10 Ways to Reduce our Out-of-Control Prison Population
NATION OF CHANGE
10 Ways to Reduce our Out-of-Control Prison Population
By Christopher Petrella
As someone who writes and organizes around issues of imprisonment and detention my work is often met with a certain type of resignation. Though many politically-conscious individuals are quick to lament our nation’s chart-topping incarceration rates, they’re justifiably overwhelmed by the complexity and magnitude of our so-called justice system.

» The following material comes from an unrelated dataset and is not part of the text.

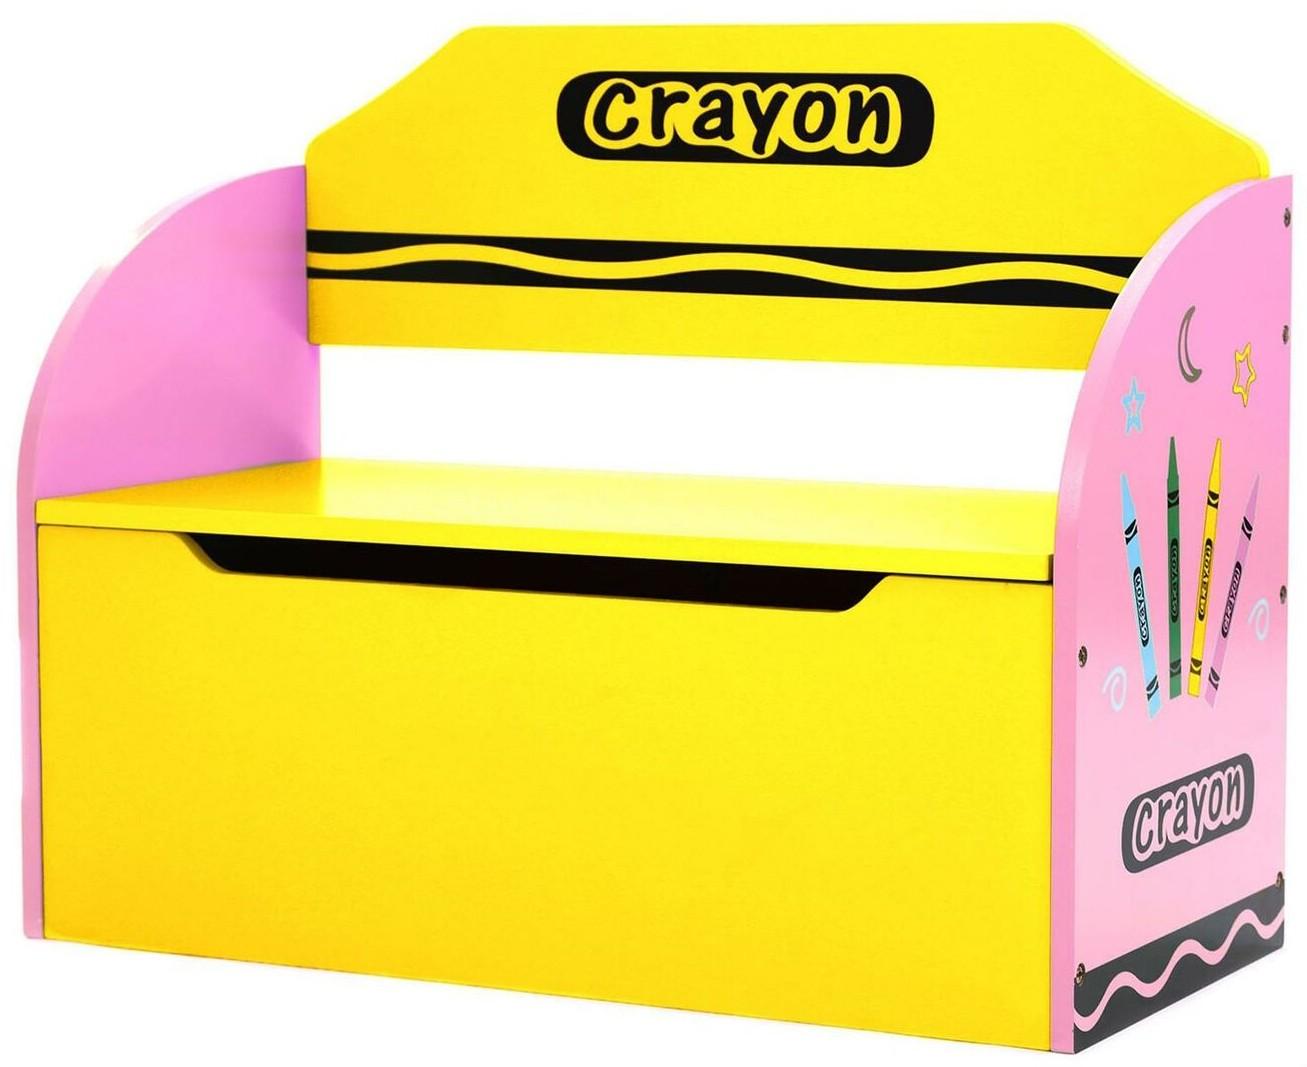 Bancuta pentru depozitare jucarii Pink Crayon imagine
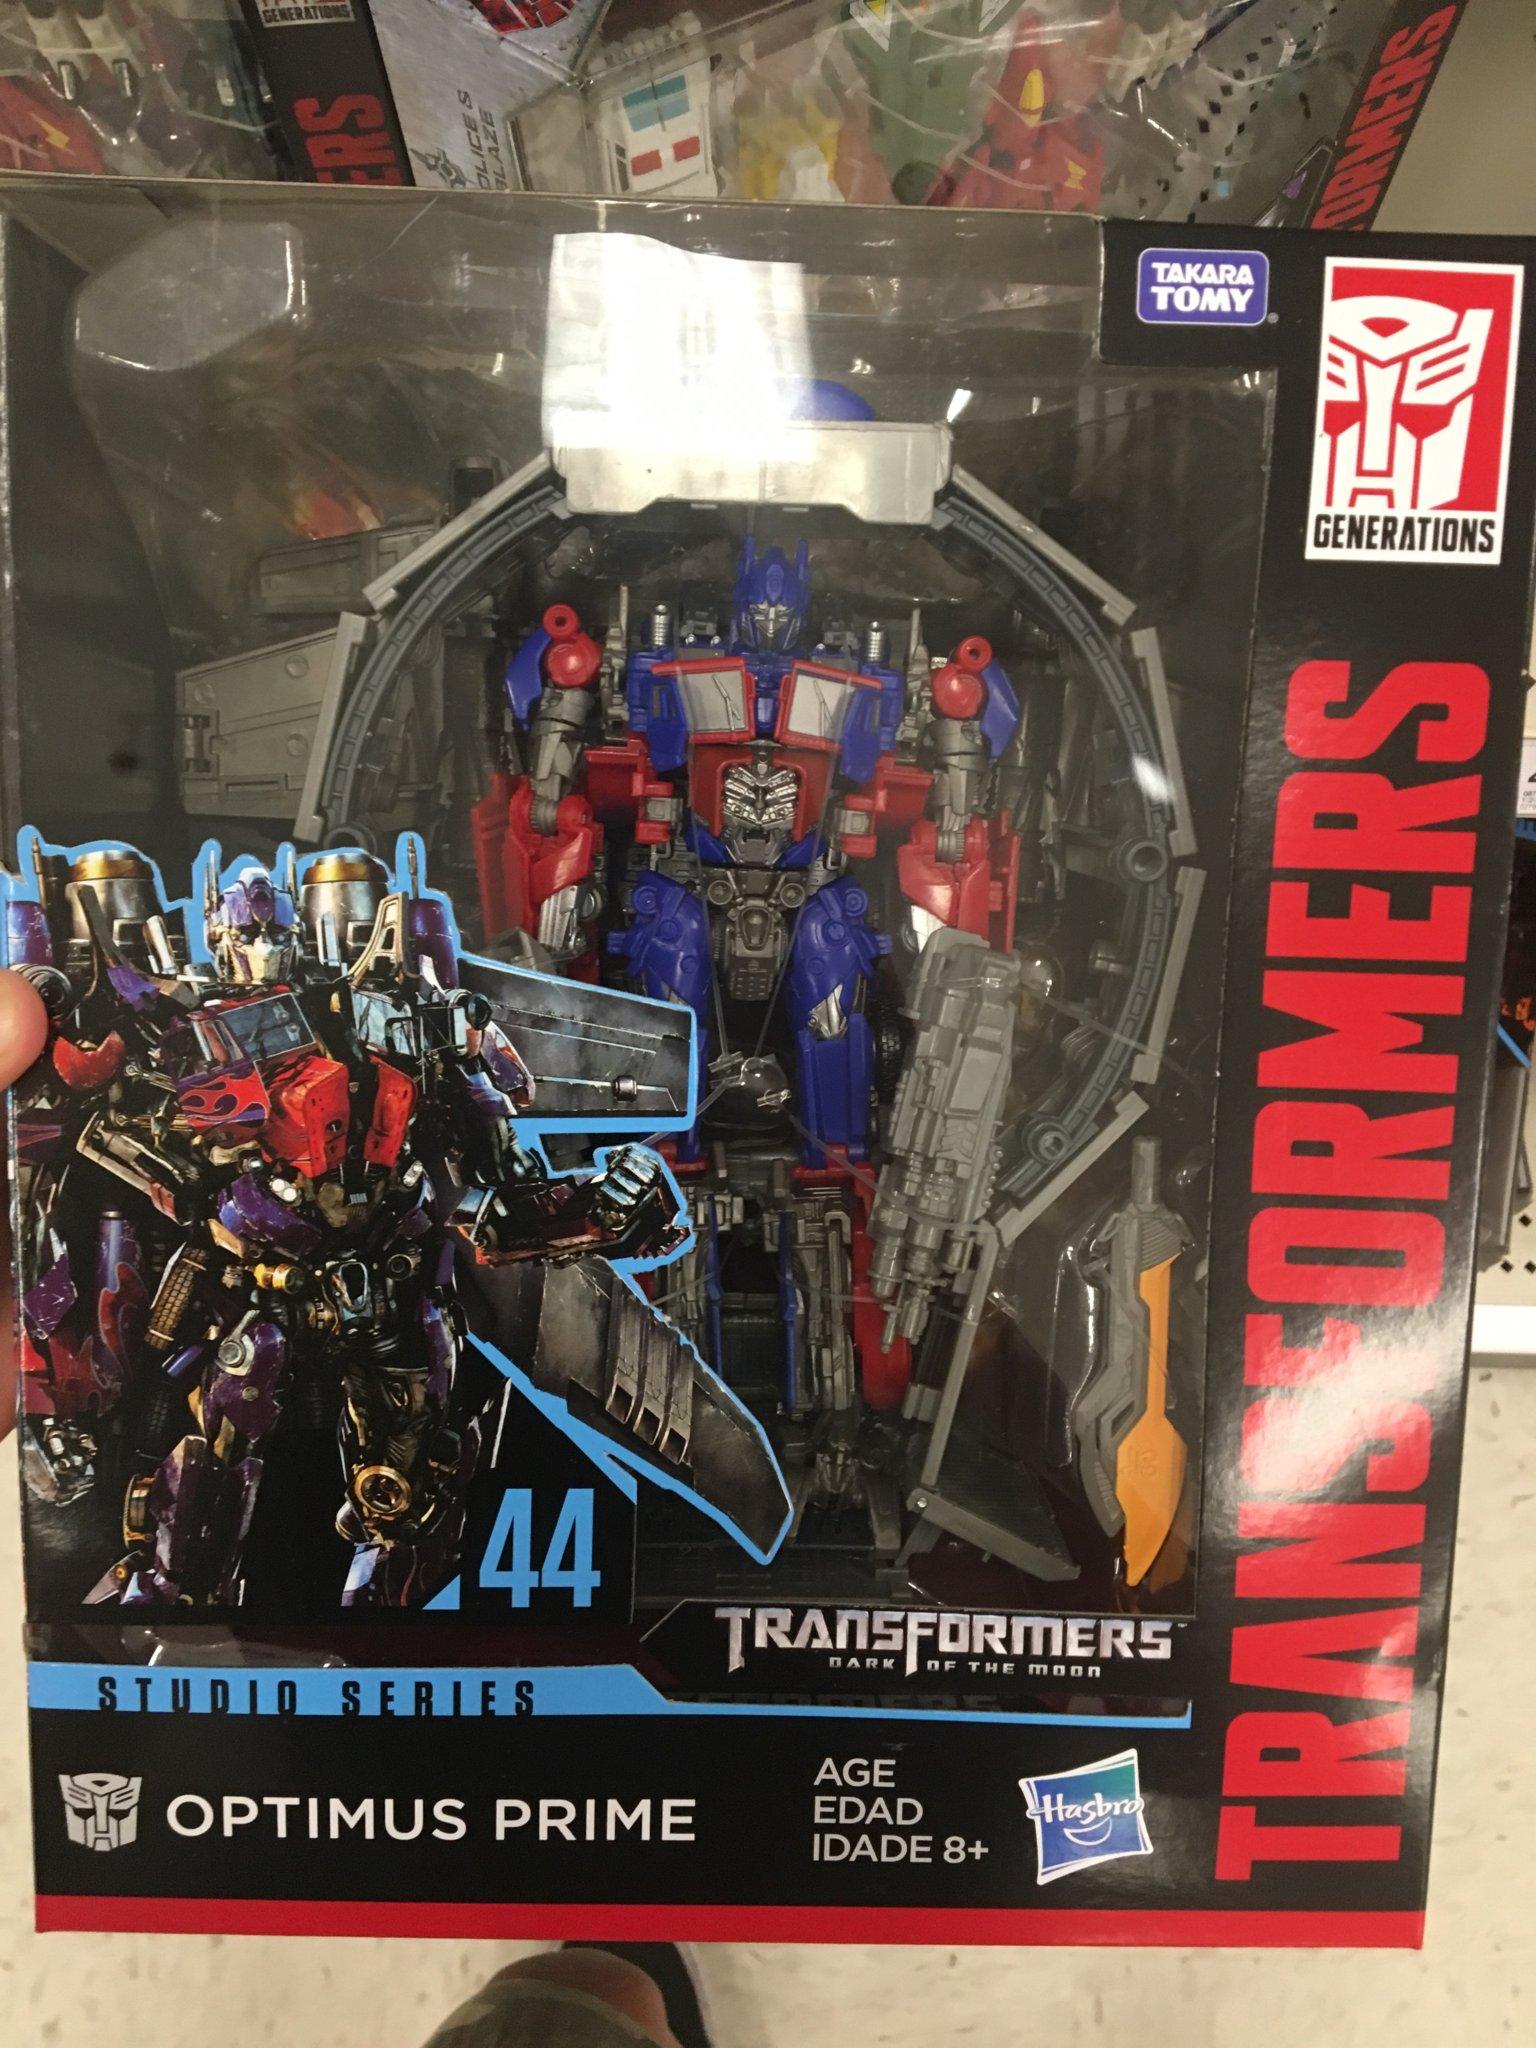 Transformers Studio Serie 44 Leader Optimus Prime

Many simply don’t know where or how to begin tackling the most salient, silent problem in the United States today. The following list represents a clear set of strategies for reducing our 2,300,000+ prison population without compromising public safety. 1 . Replace mandatory sentencing laws with more flexible and individualized sentencing guidelines. By 1983 forty-nine state legislatures had enacted mandatory sentencing statutes and in 1986 Congress passed the Anti-Drug Abuse Act which, though, well intentioned, established 5- and 10-year mandatory sentences for drug importation and distribution. Two years later President Reagan signed the Omnibus Anti-Drug Abuse Act granting the federal government authority to penalize all conspirators in drug-related crimes regardless of their role. Mandatory sentencing laws like these limit judicial jurisdiction by preventing sentencing judges from considering a full range of mitigating factors in a defendant’s profile, including the defendant’s role in the offense or likelihood of committing a future infraction. 2 . Strategically reduce “three-strikes” laws for non-violent offenders. Although twenty-six states have passed “three-strikes” laws for violent offenders since 1993, California’s 1994 “three strikes” ruling punishes minor, non-violent crimes with the penalty of twenty-five years to life.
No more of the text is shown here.